Summer entertainment
Even Quantum Diarists like summer reading and movies. Caolionn O'Connell admits that she's a serious Harry Potter fan. She bought the latest book on her vacation in Bangkok, "in English and even cheaper than in the States."
Unfortunately, Gordon Watts is not fully enjoying his latest read, the physics-related novel The Da Vinci Code, by Dan Brown. "The first thing that gets me is the science is wrong," he writes. "For example, there is no way a GPS receiver works underground. If they had enough power to do that, we'd be uncomfortable above ground!"

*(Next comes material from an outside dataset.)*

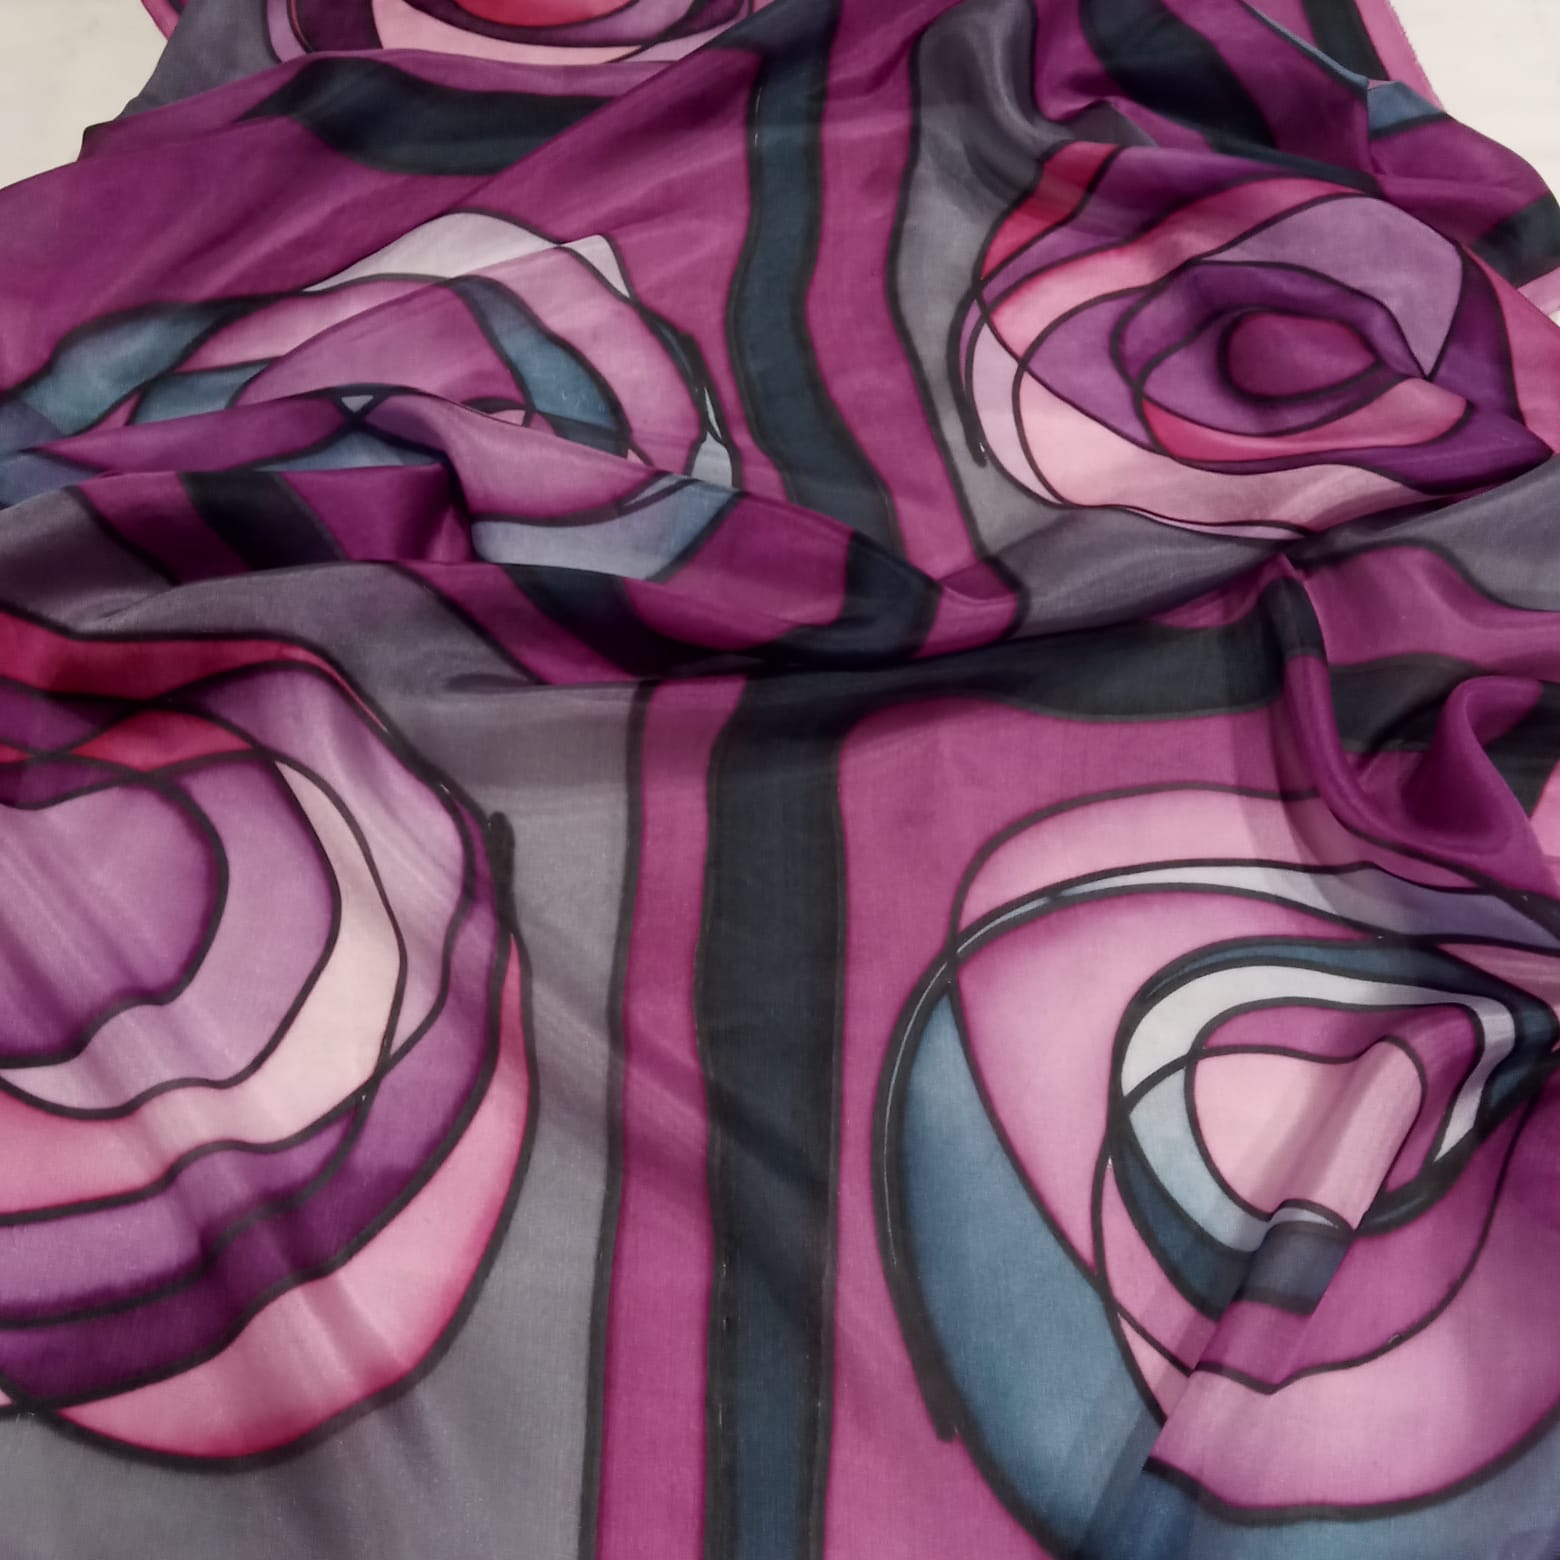 Echarpe de lã e seda com estampa xadrez (Rosa Chiclete Claro)

Peter Steinberg catches two documentaries, Rize and Murderball. The real-life dramas captured in these films leads him to reflect on the drama in his life as a physicist: It's "kind of like being in a documentary," he writes, "but the
director is still getting more footage."
Ursula Bassler suffers the unfortunate breakdown of her TV, leaving her without its "effortless company." "Like many, I would not admit to myself that I am actually pretty much into watching TV," she writes. "And not only culturally valuable programs. No, lately I mostly watch TV-series, sitcoms, even reality-shows and other crappy programs, hard to admit in public."

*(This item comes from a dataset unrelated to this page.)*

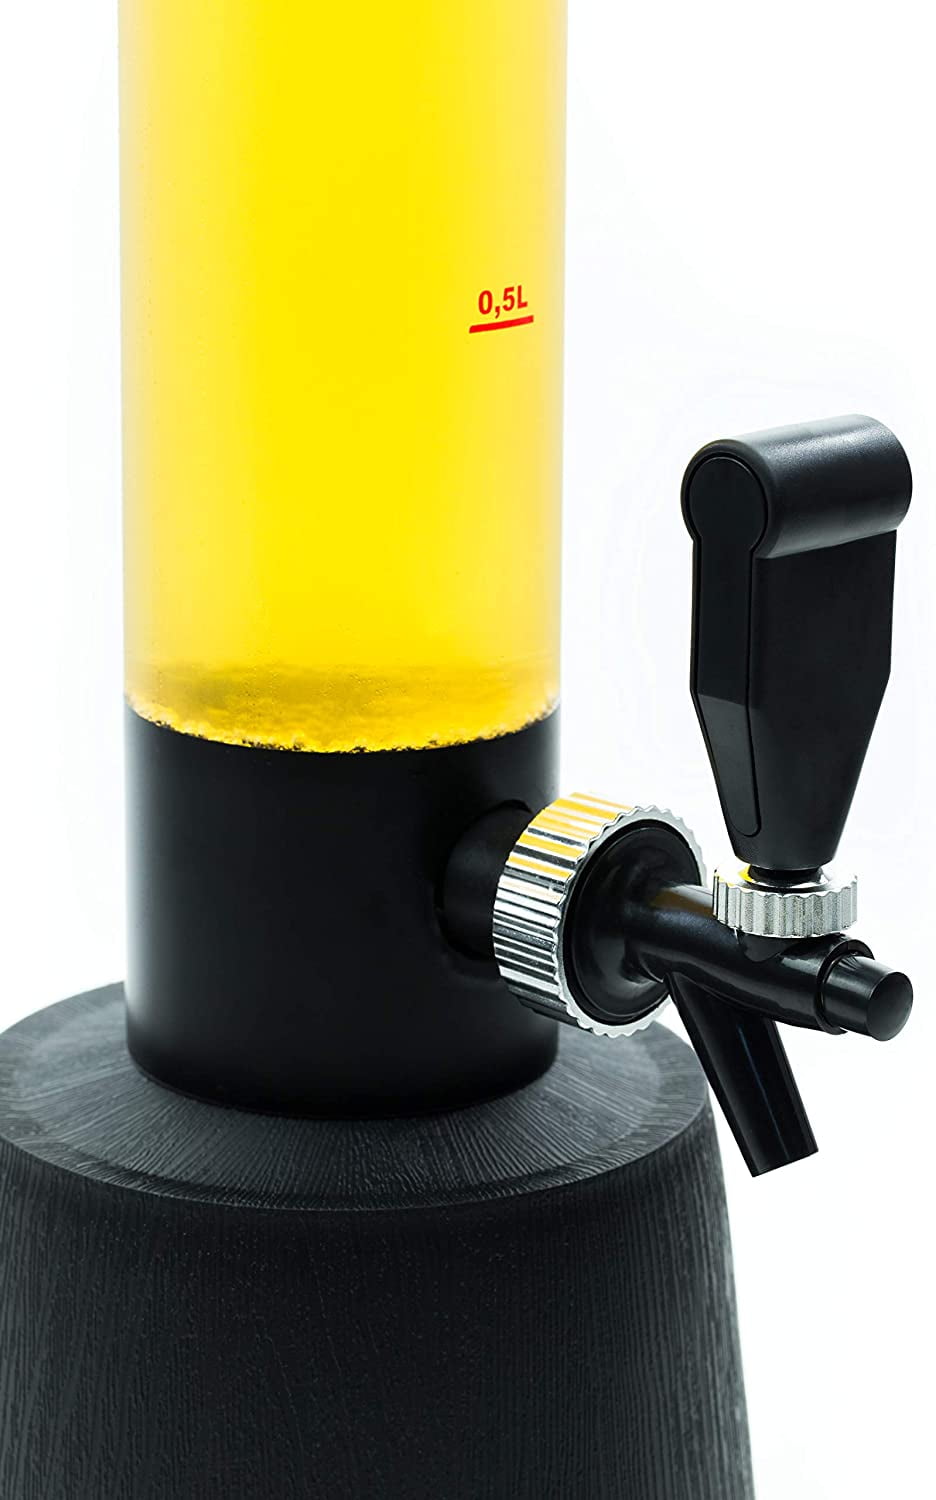 OGGI Beer Tower 3L/100oz - Beverage Dispenser with

Finally, Stephon Alexander discovered a new kind of entertainment while in Trinidad. Called lyming, "it is an artistic and creative way of doing nothing/hanging out with friends." Now back in the States, Stephon misses lyming with the physicists in the faculty pub at the university: "We drank fine aged rum and discussed anything from quantum phase transitions to pharmaceutical research in the rainforest to local Caribbean politics."